Dowley, an executive for a private equity firm and a marketing consultant, said he still flew commercial planes on the long, nonstop routes that airlines offer in abundance. But he will sometimes take a business jet to a smaller destination the kind of place that could take an additional three hours or more to reach by commercial plane. So he may fly commercially from New York to San Francisco for a meeting in San Jose, and then fly by private jet to San Diego for more meetings.
He said he used private jets as a filler to circumvent time-consuming airline schedules that often require inconvenient connections, even on short hops.
He buys hourly flight time on a light jet through NetJets, the leading player in the fractional ownership market, which also sells per-hour private jet flying through its Marquis jet-card program. He said he flew more than 300,000 miles a year for business, about 90% on commercial jets and 10 % on private jets.
Commercial air is more cost-efficient, but private is a massive timesaver, Dowley said. Im very judicious with the private flying time, though, to manage the cost.
The industry has been struggling since the recession hit and criticism arose over corporate executives use of private jets.
But deteriorating commercial airline service has underscored one of the rationales long cited for flying privately: the efficient use of business time.
According to the annual forecast by Honeywell, deliveries of business jets this year will probably grow only slightly over last years total of fewer than 650 planes, which in turn was down about 15% from 2010. The peak year was 2008, when 1,139 jets were delivered.
NetJets, a Berkshire Hathaway subsidiary, remains the market leader. But the second-largest company in the fractional-share market, Flight Options, reported that its business had grown for three consecutive years.
Kenn Ricci, chairman of Flight Options, which operates a fleet of more than 100 private jets, said his company had a 53% increase in new fractional owners last year, when it took delivery of 14 new jets. Those were among the more than 140 it had on order.
We have stabilized the business and made Flight Options into a much better company than it was a good alternative, Ricci said.
NetJets, which has more than 700 jets in its fleet, is also growing. In June, it announced orders and options to buy up to 425 new jets, which it called the largest airplane purchase in private aviation history.
NetJets said the deal, with a value of $9.6 billion at list prices, included up to 200 Bombardier Challenger 300s, 75 Challenger 605s and 150 Cessna Citation Latitudes, with deliveries starting in 2014. All are in the supermidsize and midsize cabin categories, which typically carry eight to nine passengers.
That transaction followed another big one last March, when NetJets announced orders and options for 120 Bombardier Global jets, with a total value of $6.7 billion at list prices.
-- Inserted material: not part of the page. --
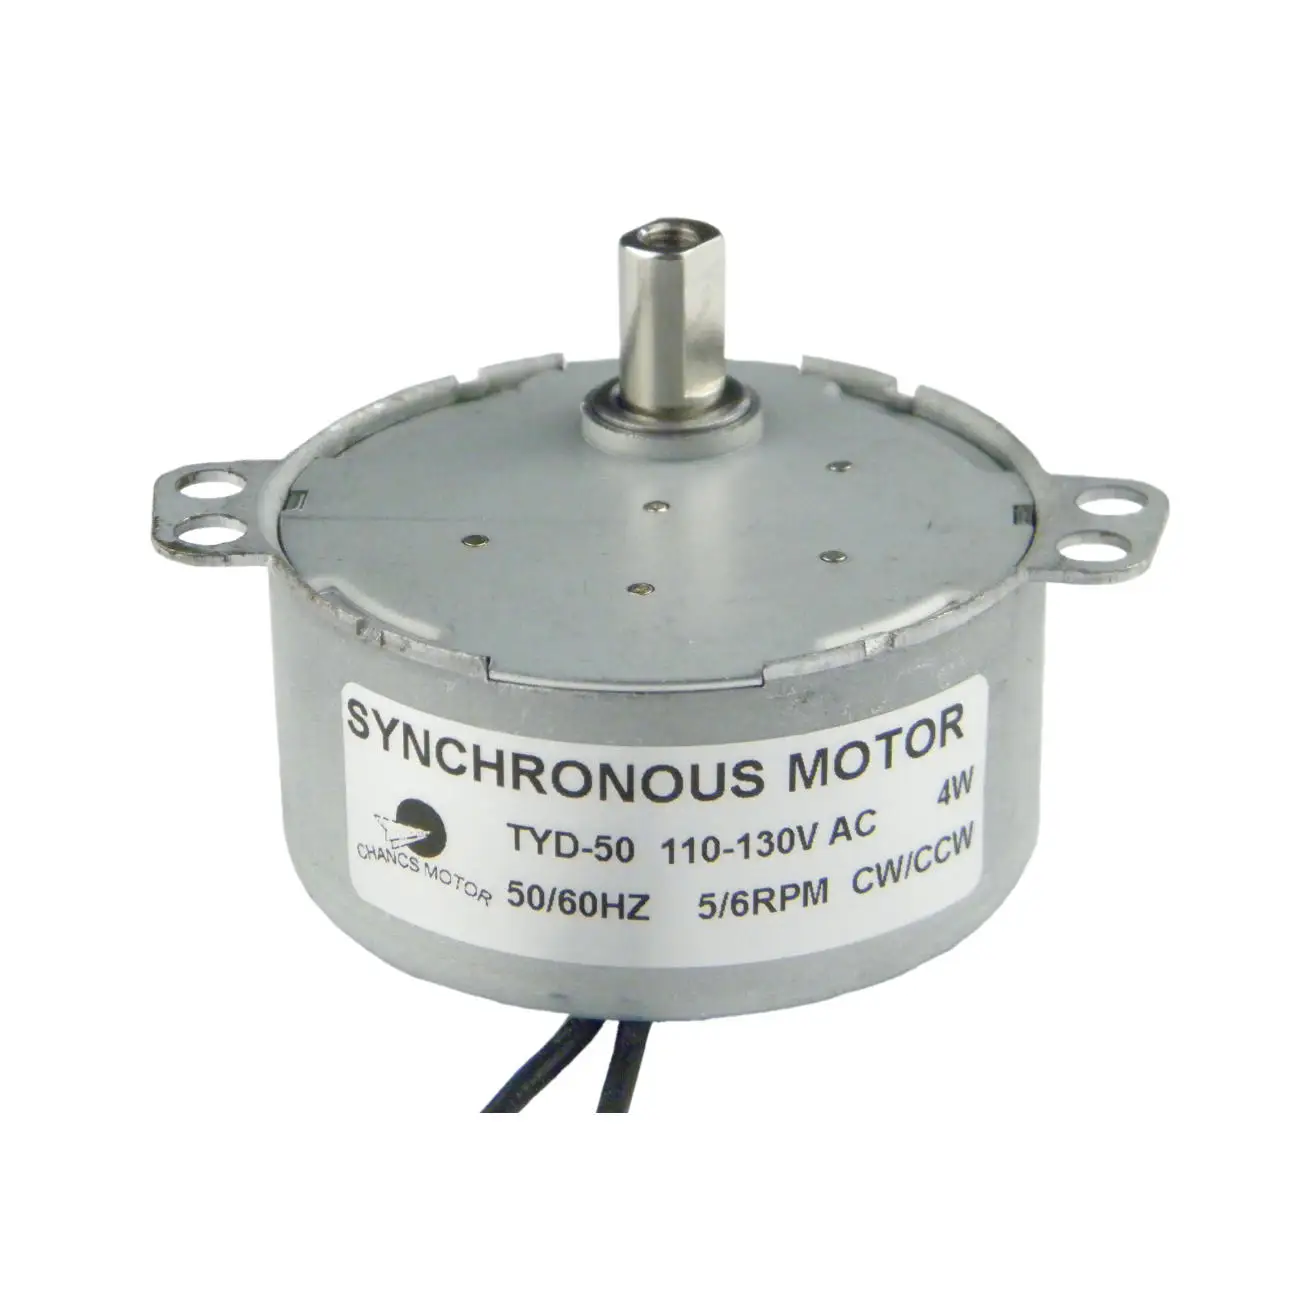 CHANCS TYC-50 Small Synchronous Electric Motor AC 110V 2.5-3RPM CCW Torque 8Kg.cm Gear Motor CHANCS MOTOR CECOMINOD030336

Aircraft in the Global series are large-cabin jets that typically carry about 13 passengers and cost $48 million to $58 million each. With flying ranges of up to 6,600 miles, these so-called heavy-metal jets are becoming increasingly popular as business aviation expands globally.
Slightly more than half of global business-jet deliveries are made in the US, with the next biggest proportion, about 17%, in Europe, where the industry has been battered by the economic downturn. We take a global view, with our large operations in the US and also in Europe, and expanding operations in China, said Jordan Hansell, chief executive of NetJets. Were looking at more than just the US aviation market, which is holding its own.
NetJets, Flight Options and a third big player, FlexJet, a unit of Bombardier, dominate the fractional-ownership market, which NetJets popularized starting in 1986. Rather than buying an entire airplane, fractional owners purchase a share, starting at one-sixteenth or one-eighth, of a certain model. Share ownership ensures a customer the availability of that model of plane on short notice for a specified number of hours a year.
A one-eighth share typically equals 100 flying hours a year. Besides buying a share of the plane prorated on its overall price, customers pay an hourly fee when flying and a monthly maintenance fee. The companies offer other options, including so-called jet cards sold in hourly blocks, usually in increments of 25 hours, but without the same rights as ownership.
Even at this less expensive end of the business, flying privately is not cheap. A 25-hour Flight Options card for a speedy, seven-passenger Hawker 400XP light jet, for example, costs $110,000, plus fuel and taxes.
Jet cards are typically used by people who fly fewer than 50 hours a year.
Its very hard to justify all the costs, Dowley acknowledged, but Im in the service business and in the private equity business, where you have multiple clients and multiple issues.The commercial schedule is just so grossly inefficient, he said, that augmenting it with private jets makes economic sense.
Over all, the cheapest per-seat method of private flying is charter aviation, in which travel is usually sold on a per-flight, on-demand basis.
(XOJet, a leader in the on-demand charter business, said recently that its flight hours in the first half of 2012 were up 55 % from the same period in 2011.)
The most expensive private-jet option, of course, is outright ownership of a plane. This end of the market remains the most severely affected since the recession, both by basic economics and by the populist criticism that developed against the high-flying rich.